View Full Version : grandkids friends
labrat93562
05-17-2009, 11:01 AM
I didn't quite know which catagorey to put this one so misc. works.
Last night I was skinnydipping with two of my grandkids, ( I'm Raising 3), and my grandson told me that at one of his friends he stays over at often, his family often skinnydips in thier pool and they frequently are nude around the house when it's just the family. I asked if they're ever nude around him and he said no. Then my Grand daughter said that one of her friends asked if she could come over to swim and wanted to know if she could go without a bathing suit if she did come over.
This got me to thinking. There where a few times I didn't want my grandkids friends over because I didn't want to have to be dressed. Maybe the parents of these freinds feel the same way about my grandkids coming over at times. We don't publicize our lifestyle but a few of my friends know and the kids have told a few of thier friends. Maybe I should talk to these parents and let them know we enjoy nude time at home and if it wasn't a problem for them it wouldn't be aproblem for us if I could stay nude while thier kids were over or the kids could be free to skinny dip at our house and the same would be fine at thier friends houses. This would give everyone more freedom to relax and our kids more time with thier friends.
At various times I've worked with the fathers of both of the aforementioned friends and my grandsons friends mom is our mail lady. But how to approach it? what if the info I'm getting second hand from these kids is misleading. This is a very small town and I don't want to be "that wierd guy that goes naked in front of kids" Any way does anyone have a similar experience and how did it work out?
Labrat
Home Nudist
05-17-2009, 11:30 AM
This is a very small town and I don't want to be "that wierd guy that goes naked in front of kids"
Sorry, no experience. But, you must have been reading my mind with your last statement. :p
Do you know any of these people well enough to say you are nude around the house, and the kids are welcome to swim nude in your pool? This would be easier said to close friends. Not sure how it would fly with mere acquaintances.
Naked around your own grandchildren, fine, nobody's business. But, naked around other people's kids, and you leave yourself open to all kinds of things -- in this paranoid society.
my grandson told me that at one of his friends he stays over at often, his family often skinnydips in their pool and they frequently are nude around the house when it's just the family. I asked if they're ever nude around him and he said no.
That would give me a clue that the parents of the friend are also being cautious in the presence of your grandson.
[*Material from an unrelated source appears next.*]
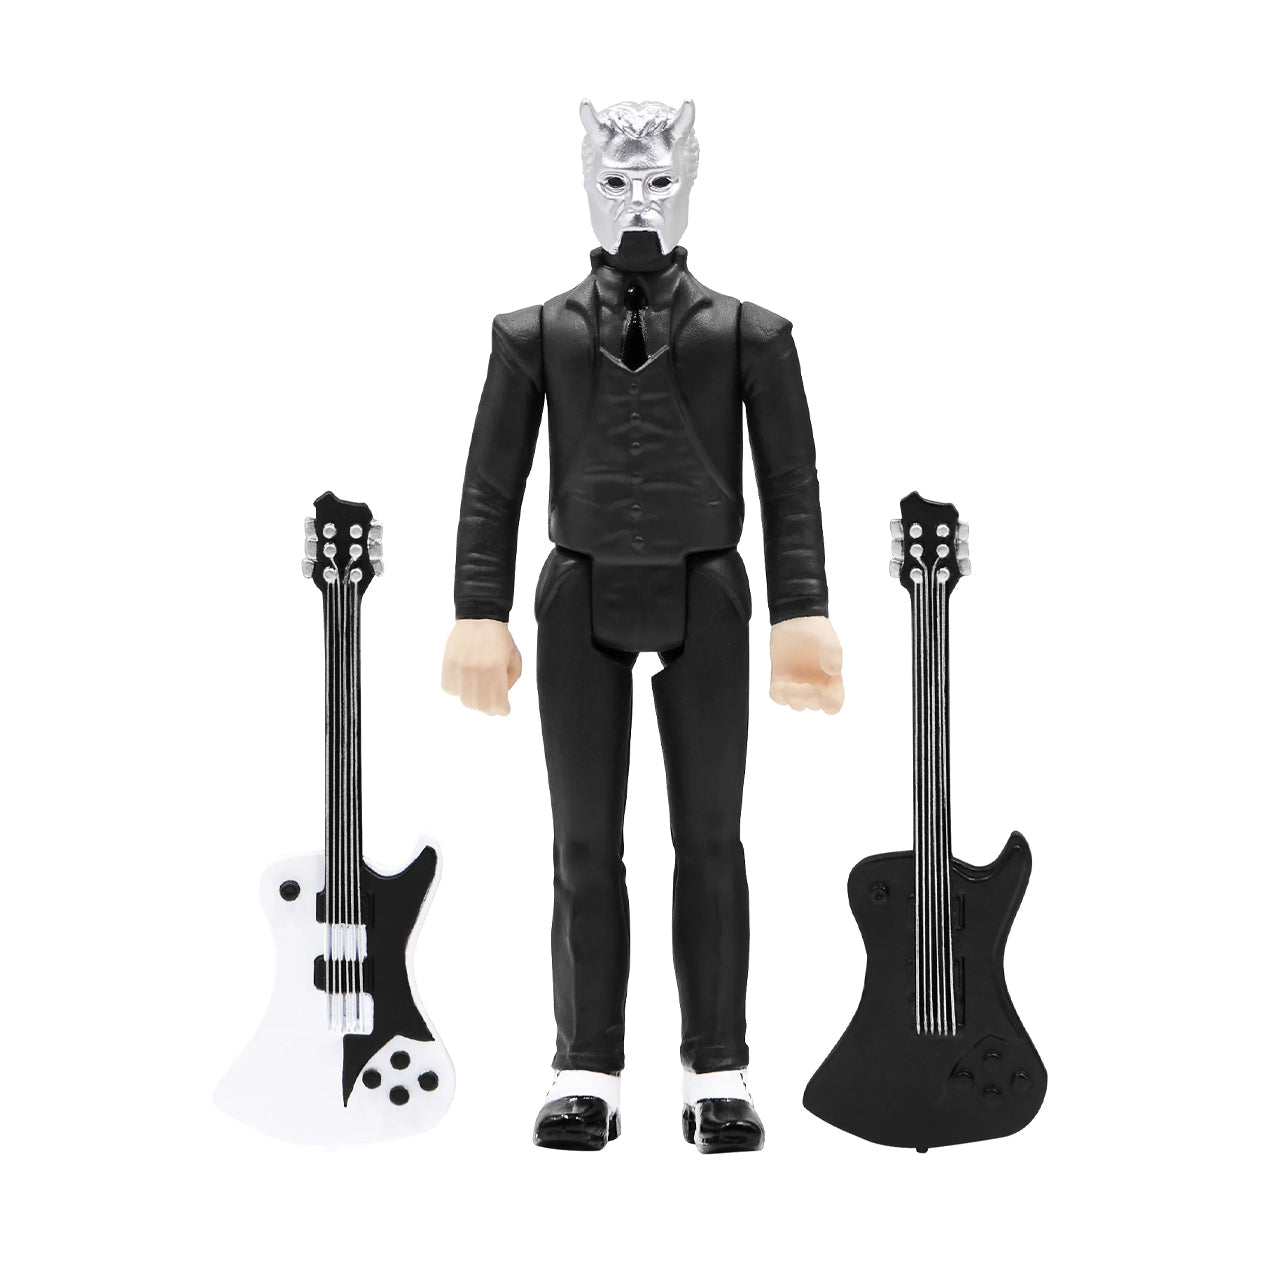 Prequelle Nameless Ghoul (Guitars) ReAction Figure - Ghosts by Super7

Maybe you should take your lead from that.
another cpl in mo
05-19-2009, 10:26 AM
Maybe you could invite them over for a swim and then bring up the subject and see where it goes.
Bob S.
05-19-2009, 07:47 PM
Well, if your grandson's friend's family are home nudists, you could easily talk with them and let them know that you also apply to the family nudity way of life. That way, they won't have to worry about covering up when your son is around and vice versa.
As for your granddaughter, until you learn more about her family life, it is a bit trickier. Have your gdaughter find out if her friend's family also are home nudists. If yes, then the convincing will be easier.
Who knows, maybe you could have a nude-a-cue at your home in the summer, inviting at least gson's friend's family.
Bob S.
NudeAl
05-19-2009, 09:12 PM
You mentioned that you have worked with a couple of the fathers at various times so they do know you. If you were to talk to them you could mention something like my grand kids were wanting to have your kids over but sometimes it's inconvenient due to your prefered mode of dress something along those lines. Of course I would say it depends on how well you know the fathers.
... Anyway does anyone have a similar experience and how did it work out?
We've had a backyard pool a various times, including when I was growing up. The rule-of-thumb was simple when friends came over -- they were either treated as "visitors" or "family" (ie. basically either we adjusted to their home rules or they went with our home rules). The default was "visitor" until the parents had a chance to coordinate.
The parental contact usually went something like: "Hi, my daughter would like to invite your daughter over for swimming. In our household culture, swimming is like bathing so the kids don't usually wear swimsuits. I didn't know about your family pattern, so just wanted to check whether it was ok to follow our pattern, or have each kid just follow their own home pattern, or maybe I should have everybody adjust to your pattern if its different? What do you think? Anyway, I just wanted to coordinate family-to-family, since, as long as the parents are on the same page, the kids naturally adjust to particular house rules. If you want to come over before or during the visit to get a feel for the atmosphere and work out specifics, that would also be great!"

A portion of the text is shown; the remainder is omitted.